A. Vince Colella
Moss & Colella P.C.
With the speed of today’s technology, law firms are always striving to keep pace. Recently, I came across a report published by Clio, a legal technology company that offers software many law practices employ today. The Clio 2023 “Trends in the Law” report is based upon survey results from over 1,446 legal professionals and 1,012 adults in the general population. The data and surveys are purported to provide insight into how technology used by law firms is impacting their performance. The report also analyzed a range of methods and data sources to determine the current state of law firm practices as they relate to shaping future growth and performance.
A critical factor in the “trends” report was the impact inflation and lending rates had on the cost of legal services. Interestingly, while lawyer hourly rates have steadily risen by nearly 30% over the past 7 years, they have kept pace with inflation. In the past, hourly rates for lawyers rose at a much faster pace than increases in the consumer price index (CPI). However, this year, lawyer rates remain consistent with CPI — suggestive of a reasonably priced service cost compared with other industries. Of course, personal injury lawyers have provided legal services on a fixed one-third contingency fee, a practice that has remained unchanged since the industrial age. Because it is difficult to calculate actual average hourly compensation of contingent attorneys given the absence of billable hours, only a few studies have been undertaken. One of the studies, based upon a survey of Wisconsin attorneys, suggested that contingent lawyers earned slightly more per hour than non-contingent ones. Other studies suggest that contingency lawyers earn far greater hourly rates when compared to hourly lawyers. Nevertheless, because the contingent percentage does not increase at the rate of inflation, to keep pace with hourly lawyers, contingent attorneys must handle greater volume and obtain significant jury verdicts to keep pace with their counterparts.
The Clio study also found that legal productivity is higher than ever before. The metric of productivity is what the average legal professional earns for their firm. Today, the average legal professionals are reported to be working over 25% more cases and recording 35% more billable hours than 2016. Accordingly, law firms are collecting a higher proportion of revenue for every hour worked. This would also suggest that the collection rate is equal to or better than the performance indicators, i.e., case loads and billable hours. A key measurement of productivity is the “utilization rate.” This measures how much of a lawyer’s eight-hour day is spent toward billable work. Since 2016, non-contingent lawyers have significantly increased their utilization rates by 32%. Yet, despite the incredible boost in lawyer productivity, nearly two-thirds of the day is largely underutilized in terms of billable work. On the other hand, personal injury lawyer productivity is based on results not billable hours or collection. Because “winning” is the ultimate goal of the personal injury lawyer, time is not of major concern. In fact, if compared to the non-contingent model, ideally, the less time a personal injury attorney spends on a case where the results are significant the more “productive” the lawyer would be perceived.
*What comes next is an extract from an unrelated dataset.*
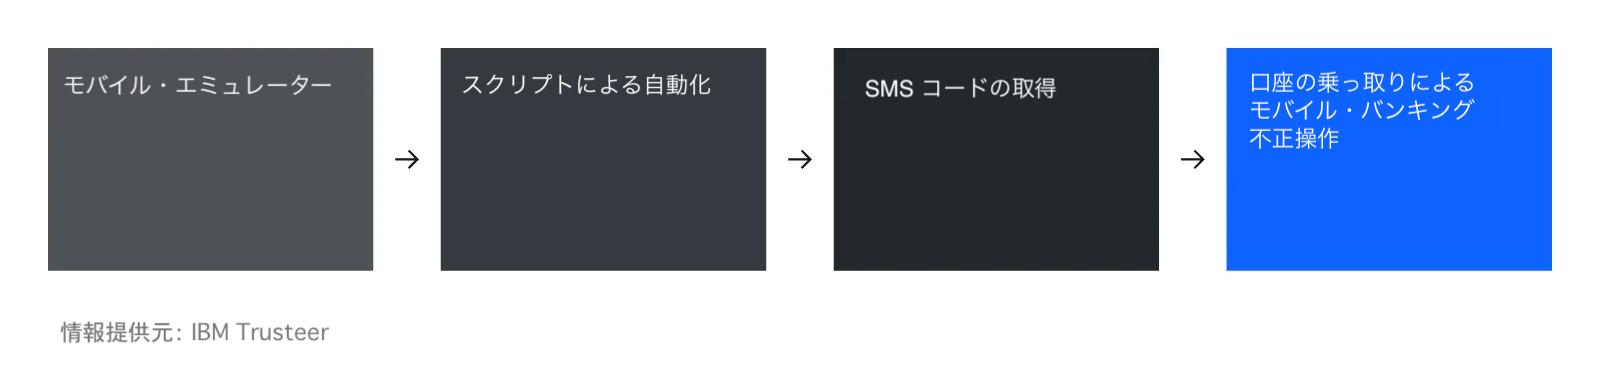 図1: 大規模なモバイル口座不正アクセスの流れ

The other predominant development taking the legal field by storm is the advent of generative artificial intelligence (AI). This technology has progressed so quickly that it now has the capacity to perform many of the complex tasks that only the human mind has been capable of. “AI solutions” has become all the rage and many law firms — previously weary of the technology — are now beginning to embrace it. A recent breakthrough in new “deep learning architecture” known as a “transformer” has resulted in the development of large language models that have the ability to understand and create text. In terms of the day-to-day functions of a lawyer, writing is the most taxing time-occupier. However, with the emergence of artificial intelligence, letters, emails, briefs and other original legal writing will likely become extinct.
Some see AI as an extreme risk to the legal profession and fear of mass eliminations of jobs is creating trepidation. Of course, we have seen examples of this where occupations are losing to technological substitutes, i.e., grocery store cashiers. However, those who embrace AI rather than resist it are more likely to have a greater capability to create knowledge and perspective with minimal effort. From the personal injury standpoint, AI is not generally perceived as a threat to the profession given the need for jury trials. The technology, while useful in the day-to-day working lives of the personal injury attorney, will not serve as a substitute for actually taking their cases to a jury.
A. Vince Colella is a co-founder of personal injury and civil rights law firm Moss & Colella.